まず、「息子が引きこもりで」「姉が過食症で」「友人がアル中で」悩んでるんですけど、彼(彼女)はきっとACだから何とか助けたいと思いまして…というふうに、自分以外の他人の問題を持ってくるのはご遠慮ください。

ひとつには、問題を抱えたAC本人同士が自分の気持ちを分かち合う場で、いきなり自分一人「ACじゃありません、ワタシは救助者でございます」的なスタンスの人が入ってこられると、腹を割って自分に誠実に話そうという雰囲気が壊されてしまうからです。多くのACは、救助の名を借りた心への侵入、幼児扱いという「やさしい暴力」に晒されてきた人々でもあるのです。

またACは自己評価が低い分、人間関係において「必要とされる必要」に駆られやすい人々であるとも言われます。
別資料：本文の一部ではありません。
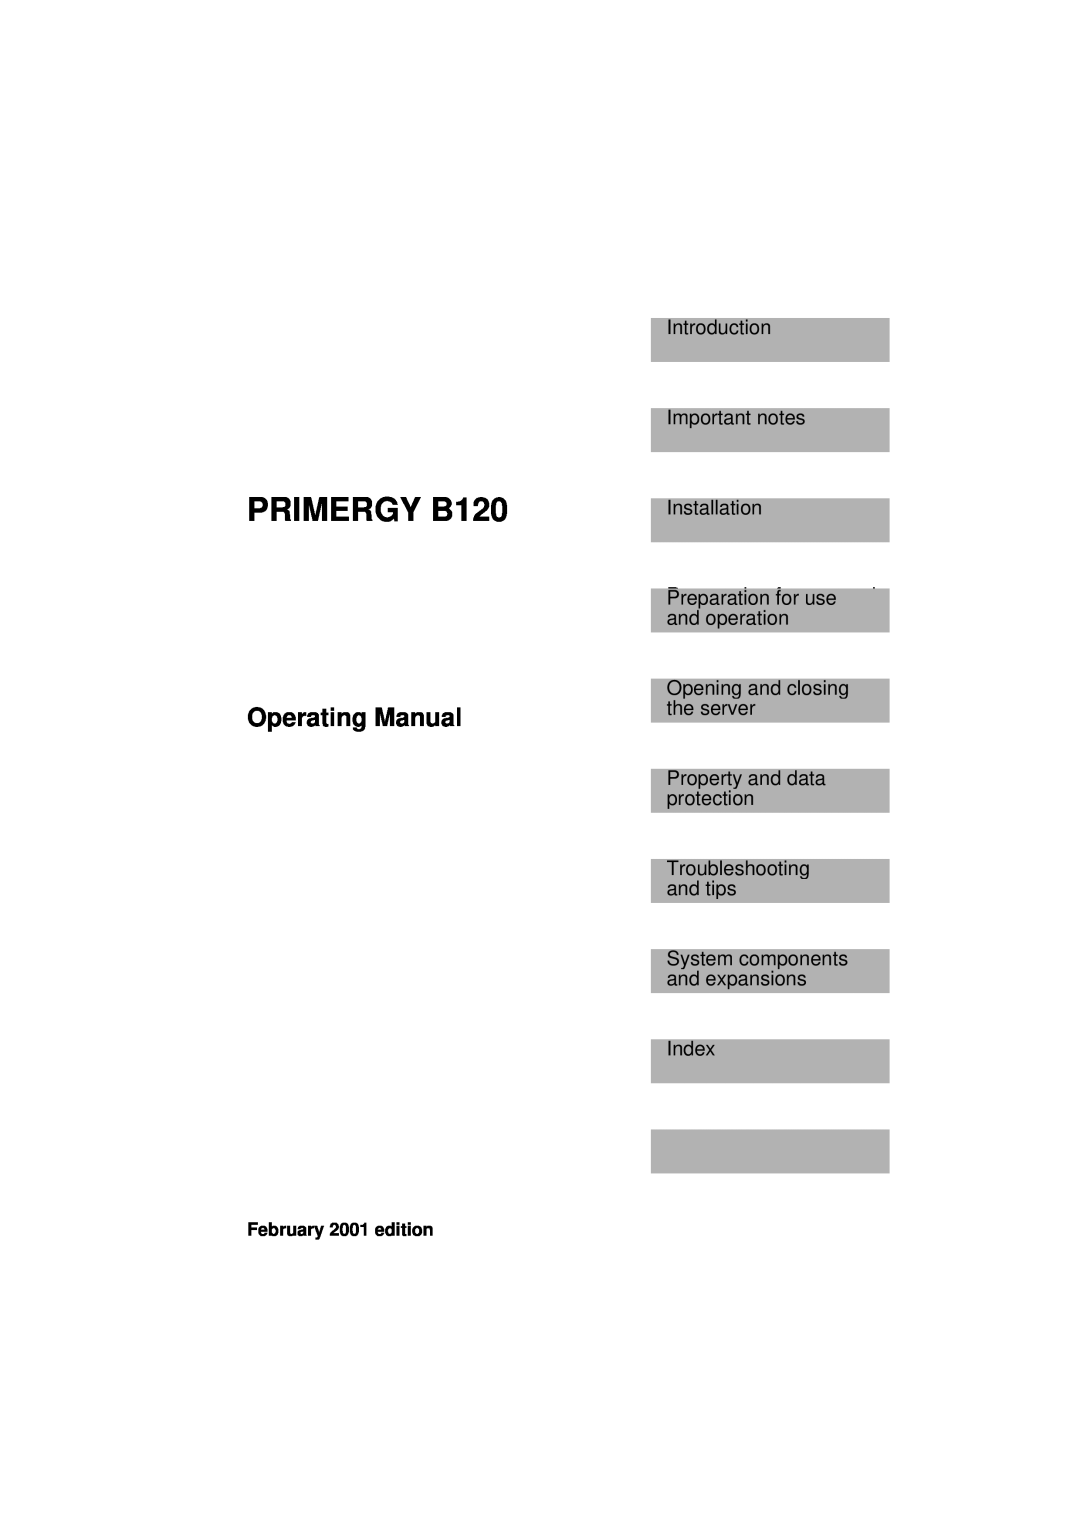 Fujitsu manual PRIMERGY B120, Operating Manual, Introduction Important notes Installation, February 2001 edition

誰か自分よりひどい状態の人を哀れみ、救助する役割を演じることによって「自分は必要とされている」という束の間の安心感を得ようとする傾向があるからです。しかもほとんどの場合その「救助」は、「必要とされている私」のポジションから追い出されたくないという無意識の欲求から、救助される側を(そして救助者の役割を演じる自分をも)いつまでも病んだ依存状態に結びつけておこうとするものである、ということが分かっています(共依存)。
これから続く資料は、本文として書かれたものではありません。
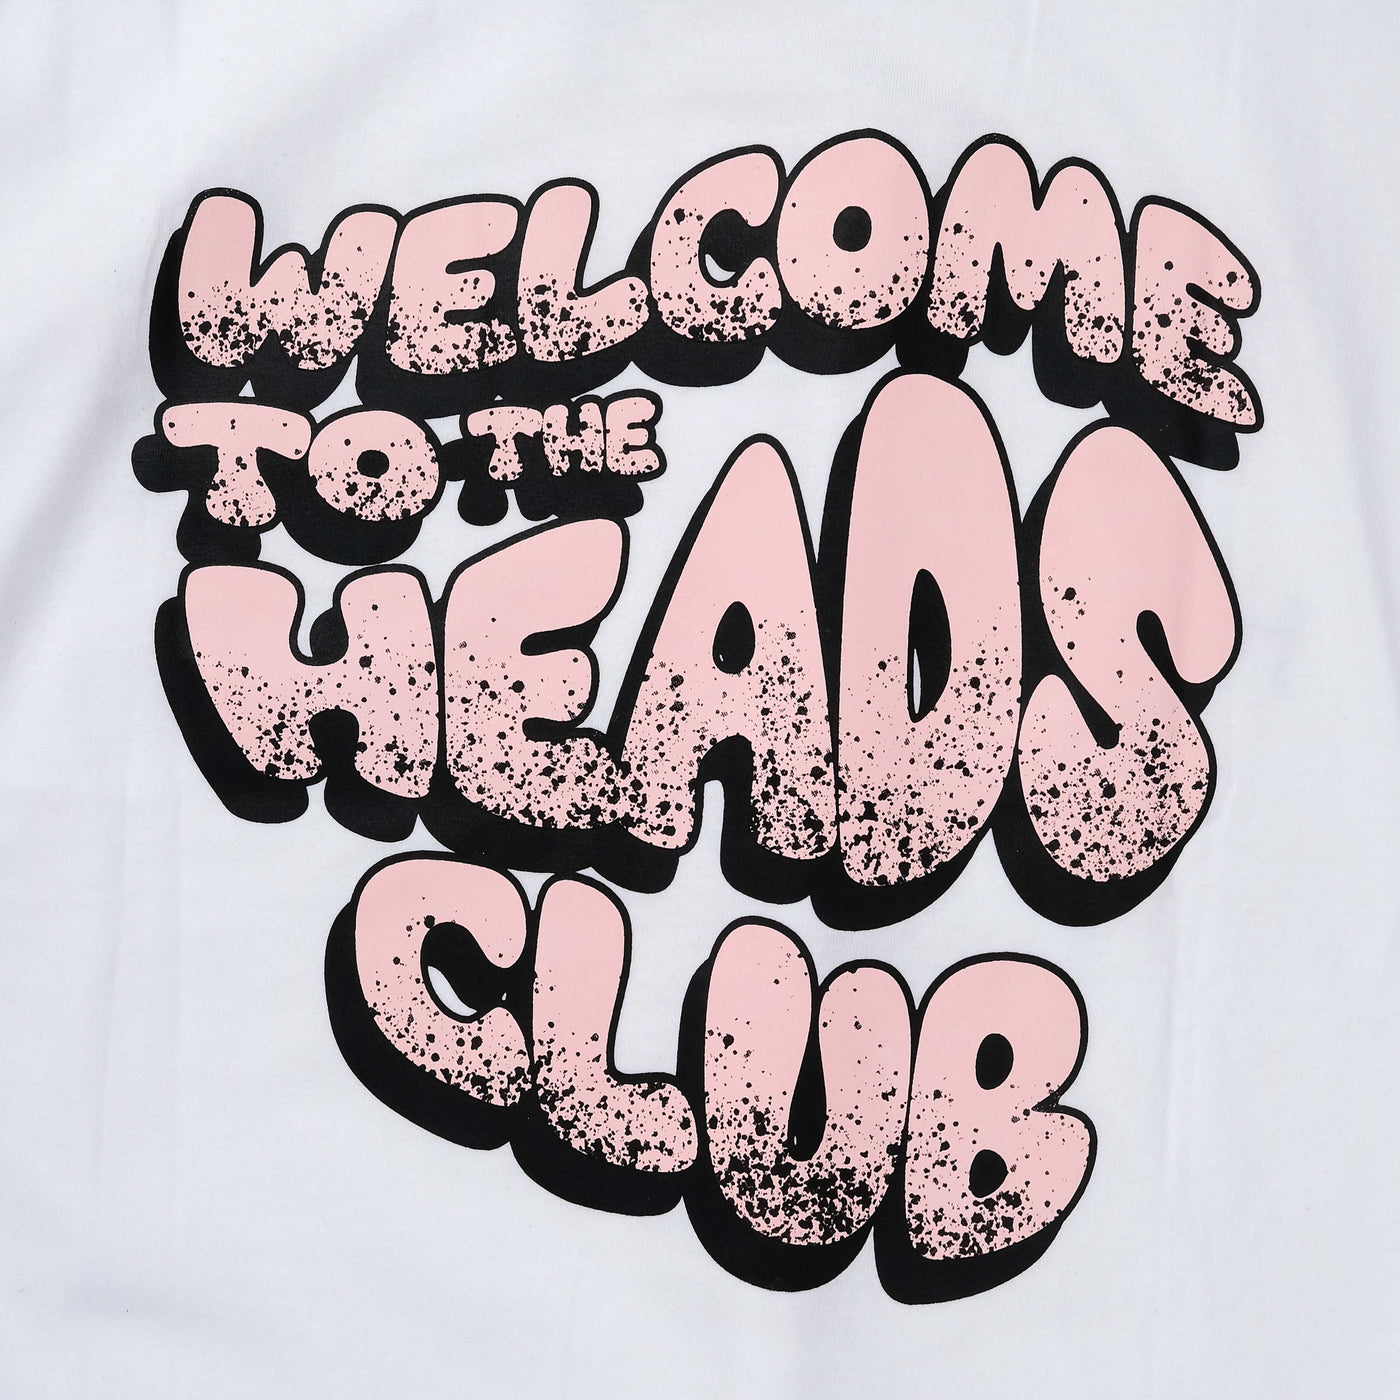 The Heads Club Tee White

自分を包み隠したい欲求から「あの人が〜」「この人は〜」と他人の話ばかりしていないかどうか、自分を見つめ直してみてください。

◆言いっぱなし、聞きっぱなし◆
他の人の問題に対し、具体的な介入・アドバイス等はしないこと。多くのACミーティングでの原則です。私たちは精神医療や心理療法の専門家ではありません。自助グループで求められることは、ただ仲間の話に耳を傾け、共感することです。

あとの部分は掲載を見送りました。